Combining three datasets removing duplicates - python

I've three datasets:
dataset 1
Customer1 Customer2 Exposures + other columns
Nick McKenzie Christopher Mill 23450
Nick McKenzie Stephen Green 23450
Johnny Craston Mary Shane 12
Johnny Craston Stephen Green 12
Molly John Casey Step 1000021
dataset2 (unique Customers: Customer 1 + Customer 2)
Customer Age
Nick McKenzie 53
Johnny Craston 75
Molly John 34
Christopher Mill 63
Stephen Green 65
Mary Shane 54
Casey Step 34
Mick Sale
dataset 3
Customer1 Customer2 Exposures + other columns
Mick Sale Johnny Craston
Mick Sale Stephen Green
Exposures refers to Customer 1 only.
There are other columns omitted for brevity.
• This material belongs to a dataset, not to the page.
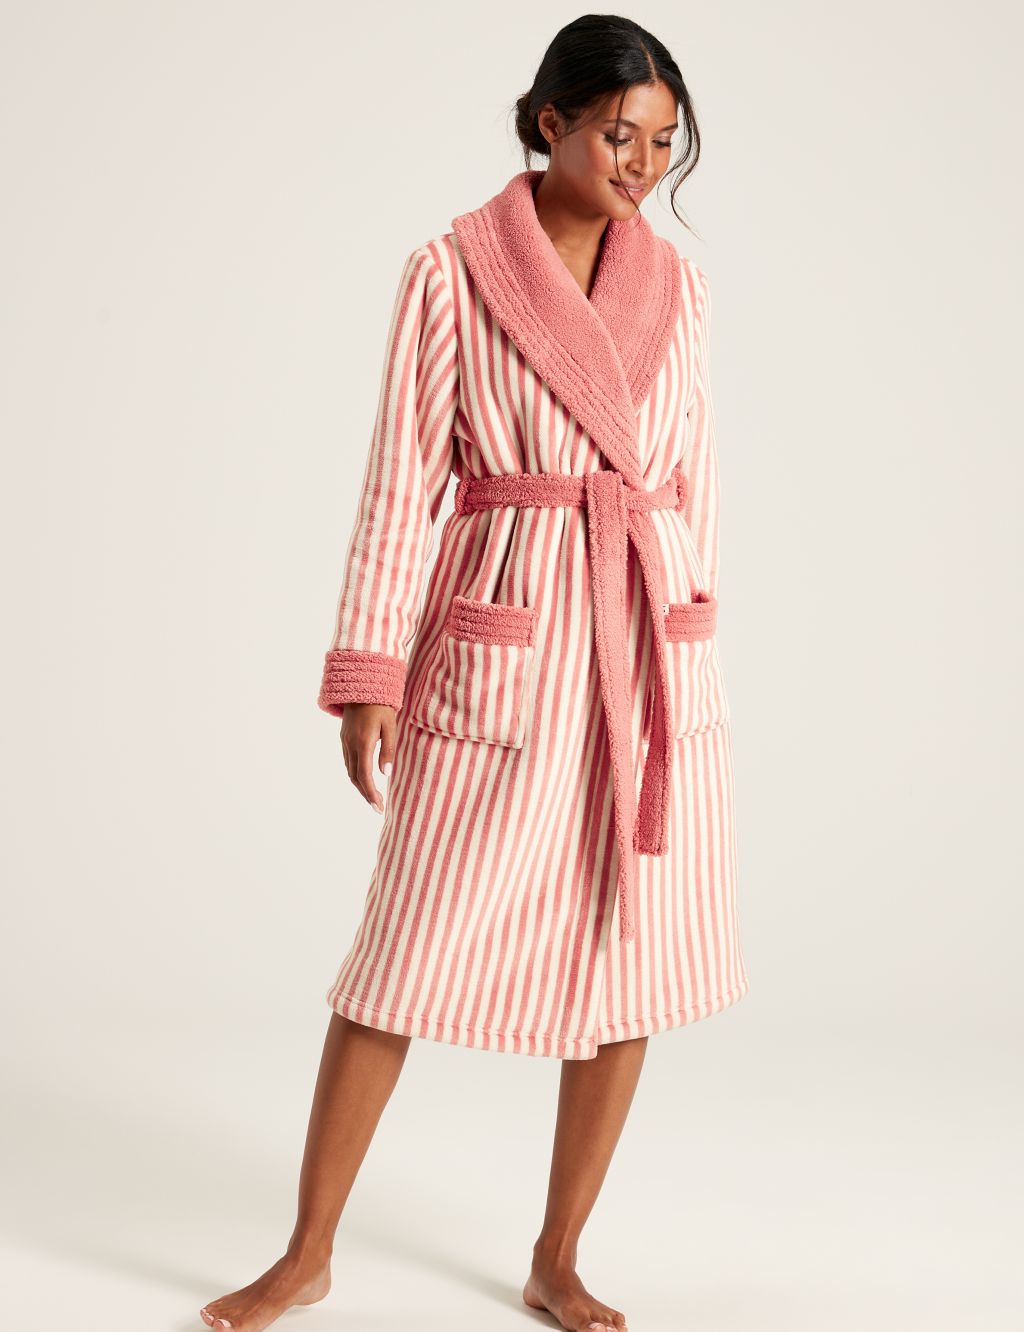 Cotton Modal Fleece Striped Dressing Gown image 3
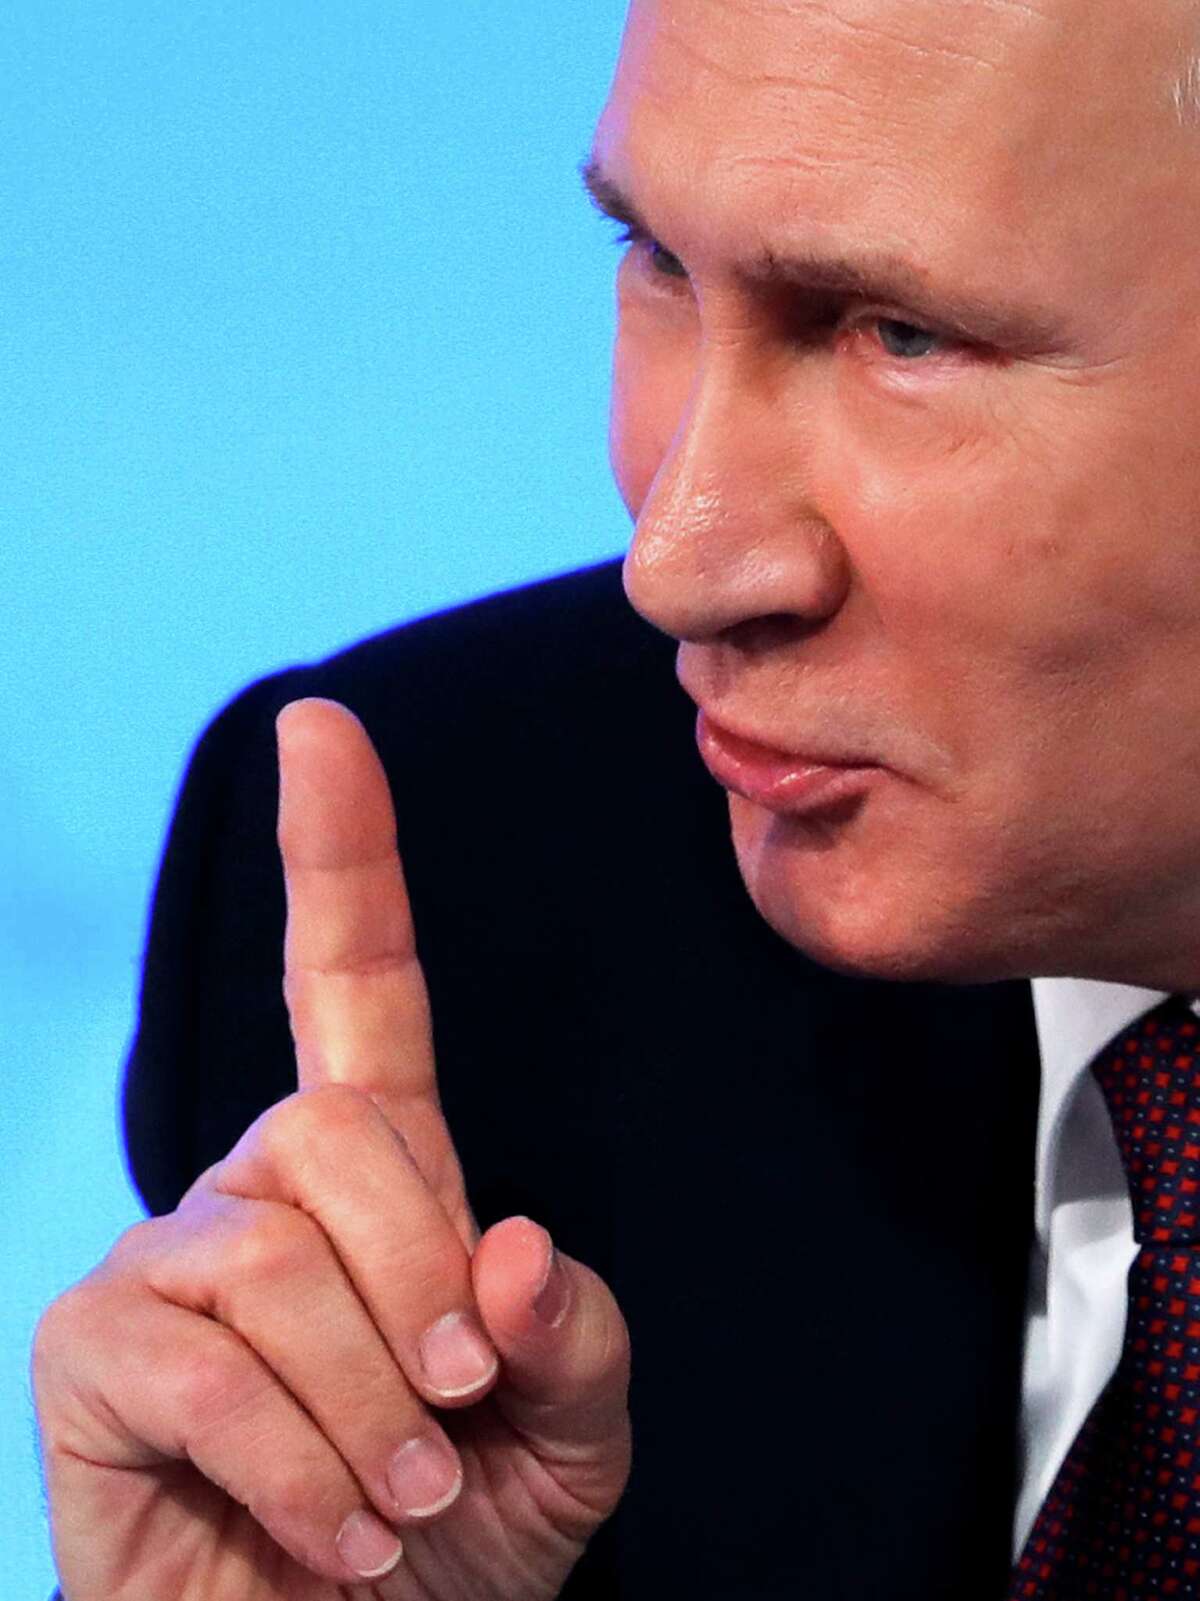 Russian President Vladimir Putin gestures while speaking during his annual news conference in Moscow, Russia, Friday, Dec. 23, 2016. (AP Photo/Pavel Golovkin)

Dataset 2 is built by getting unique customer 1 and unique customer 2: no duplicates are in that dataset. Dataset 3 has the same column of dataset 1.
I'd like to add the information from dataset 1 into dataset 2 to have
Final dataset
Customer Age Exposures + other columns
Nick McKenzie 53 23450
Johnny Craston 75 12
Molly John 34 1000021
Christopher Mill 63
Stephen Green 65
Mary Shane 54
Casey Step 34
Mick Sale
The final dataset should have all Customer1 and Customer 2 from both dataset 1 and dataset 3, with no duplicates.
I have tried to combine them as follows
result = pd.concat([df2,df1,df3], axis=1)
but the result is not that one I'd expect.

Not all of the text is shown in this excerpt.